Pre-Swim Muscle Activation

It is crucial that certain muscles work effectively and strongly to stabilise the shoulder joint during a swimming session. As well as a general strength program on day to day basis it is my tip to activate the muscles prior to a good swimming session. This will wake up these muscles and create a more stable environment for the shoulder which will lead to a healthier joint and improve overall performance.
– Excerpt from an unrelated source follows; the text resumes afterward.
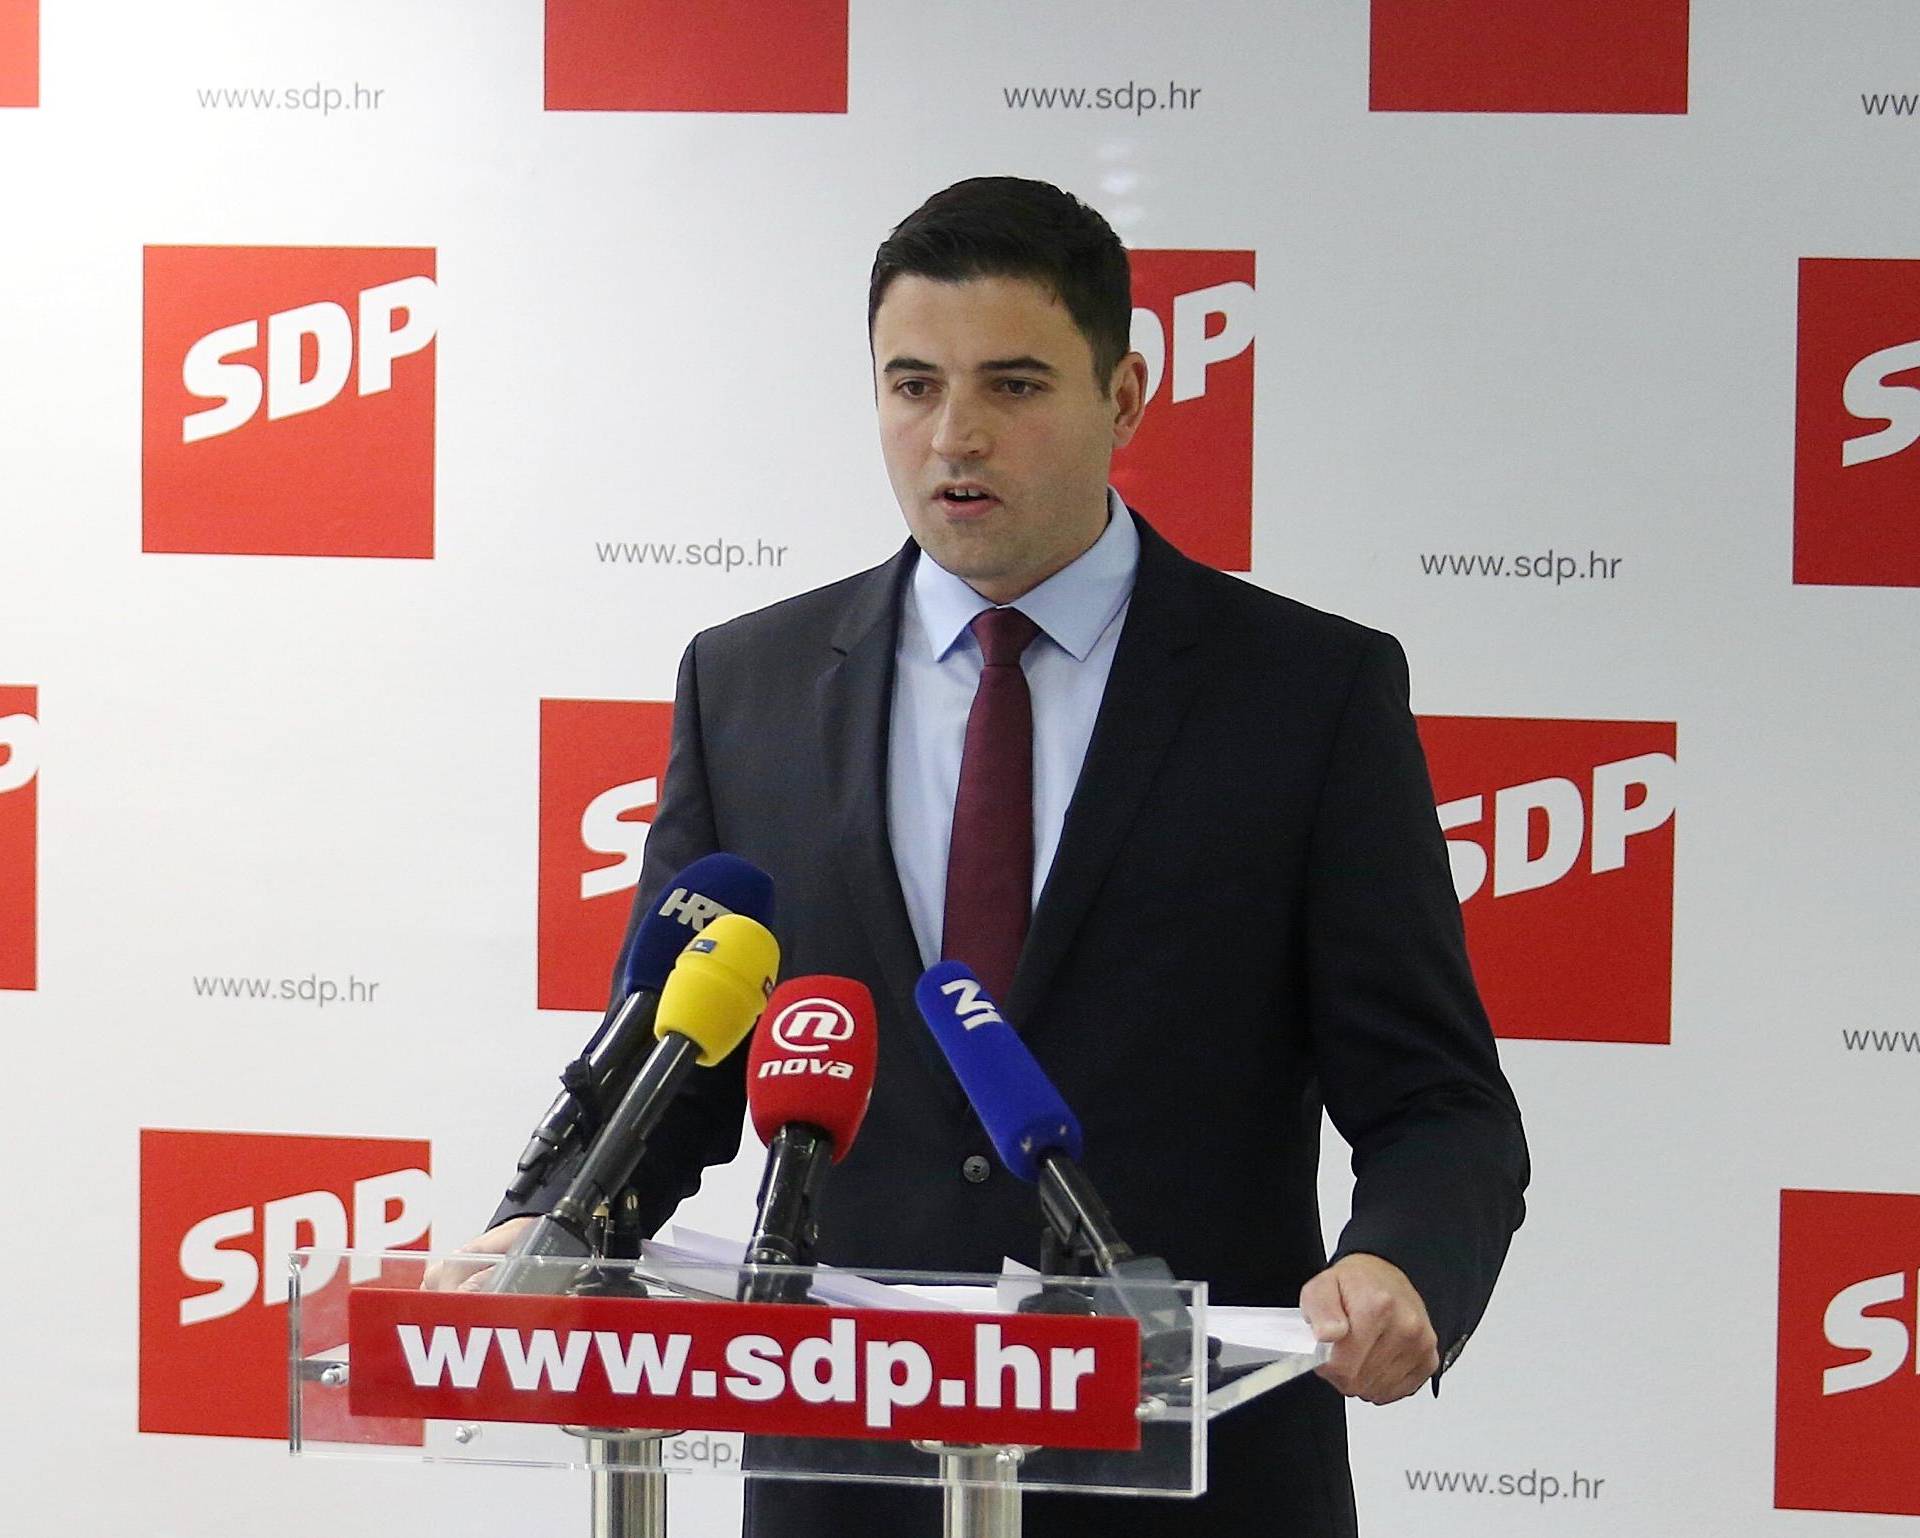 Bero: Reformiramo stranku da bismo reformirali Hrvatsku
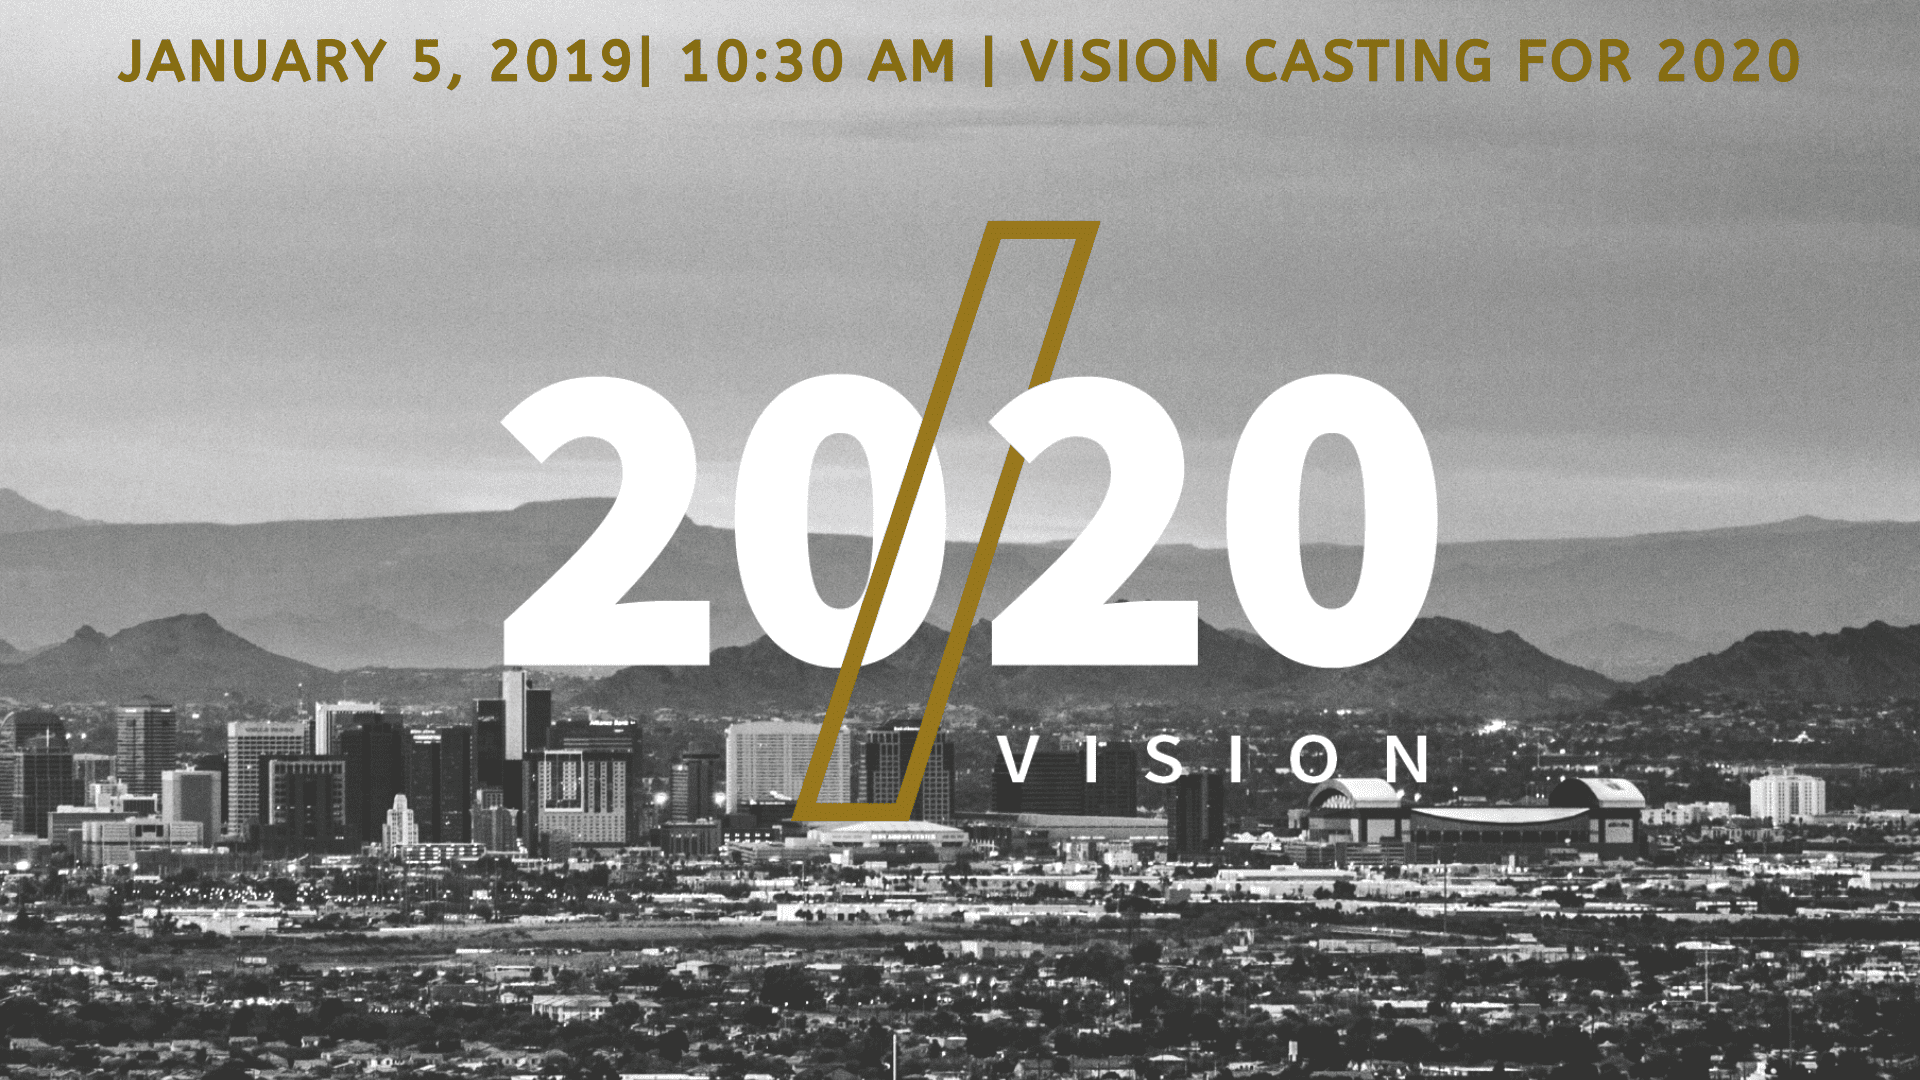 Refocus Vision 20/20 – Fellowship

Give these few exercises a go before your next swim:
1. Theraband stop signs, elevation and reach: 2 x 8 reps
Working on keeping the shoulder set down and back
Engaging your rotator cuff



2. 3 phase prone arm lifts: 1 set each x 8 reps x 3 second holds
Working on keeping shoulders relaxed, set down and back
Engaging posterior cuff and lower traps



3. Single arm elevated row: 2 sets x 8 reps
Working on keeping shoulders relaxed, set down and back
Squeeze lower part of shoulder blade at end of range
Engaging posterior cuff and lower traps


There are many different variations and exercises out there that you can adapt to fit into a pre-swim activation session but these are some of my favourite and certainly are functional. Because it is only an activation phase the recommended sets/reps are a bit lower than conventional exercise prescription. However, these are great exercises to do regularly and in that circumstance you can bump the sets/reps up.